Which UK supplier pays the most for solar exports in 2026?
As of Q2 2026, E.ON Next Export Plus pays 16.5p/kWh (requires E.ON import tariff). Octopus Outgoing Fixed pays 15p/kWh (requires Octopus import). British Gas Export & Earn Flex pays 6.4p. EDF Export Plus pays 5.6p (any supplier import). Scottish Power Smart Export Tariff pays 12p (requires Scottish Power import). OVO Smart Export Plus pays 4p. The Energy Saving Trust maintains a comparison table at energysavingtrust.org.uk.
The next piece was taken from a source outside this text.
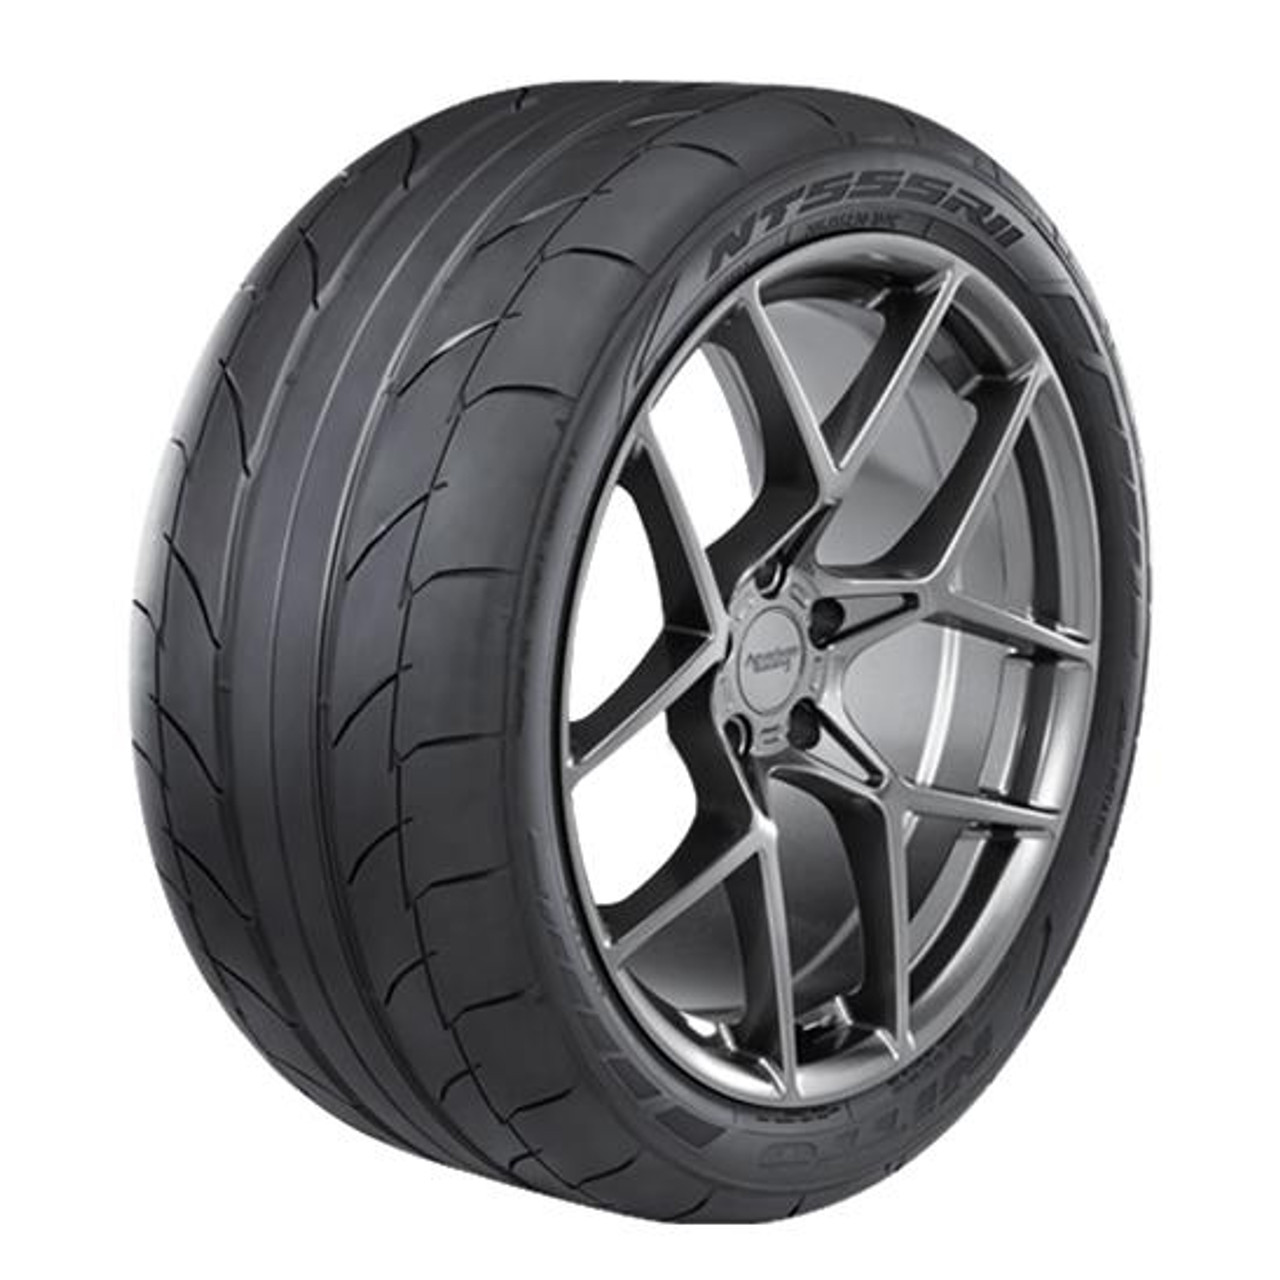 Nitto NT555R II 305/45/17 Drag Radial Tire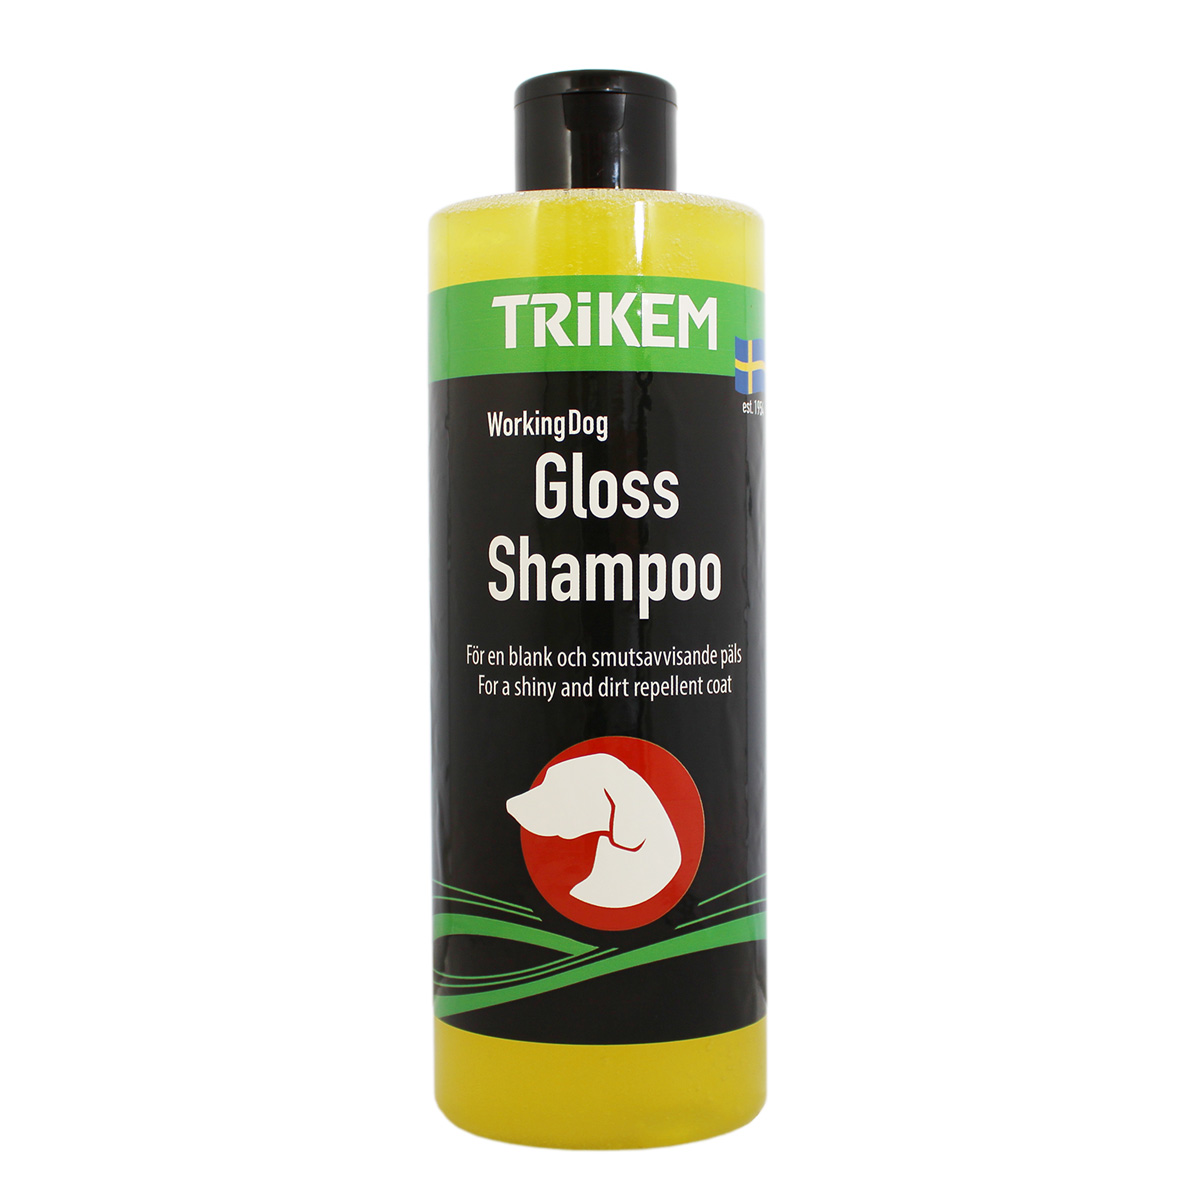 Trikem Working Dog Gloss Shampoo 500ml

Switch your import supplier to E.ON or Octopus to unlock the higher export rate — most homeowners can save £300–£600/year by switching.
Do I need a smart meter for SEG?
Yes. All SEG tariffs require a SMETS2 smart meter capable of half-hourly export readings. SMETS1 meters work only if successfully migrated to the DCC. Your installer must apply for an MCS certificate and submit it to your chosen SEG supplier with your G98/G99 notification (DNO). The supplier then activates export half-hourly settlement. Allow 4–8 weeks from commissioning to first SEG payment, paid quarterly by most suppliers.
How much SEG income can I realistically earn?
A typical 4 kWp south-facing UK array produces 3,400 kWh/yr per MCS. With 50% self-consumption and 1,700 kWh exported, Octopus Outgoing at 15p pays £255/yr. The same export volume on OVO at 4p pays £68/yr. On the Energy Saving Trust's mid-market 8p assumption you'd earn £136/yr. SEG income is on top of bill savings from self-consumption (£459/yr at 27p retail), so total annual benefit is £459 + SEG. Switch to E.ON Next 16.5p to push total benefit toward £740/yr.
Is SEG payment taxable income?
For residential micro-generation (under 5 MW capacity, your own roof), SEG payments are exempt from income tax under HMRC's Domestic Micro-generation Concession (BIM40520). You don't need to declare it on a Self-Assessment return. The exemption applies whether you are owner-occupier or landlord-installed solar selling exports. Commercial systems and those exceeding 5 MW or generating significantly above household needs may be assessable — check with HMRC if your install is over 10 kWp.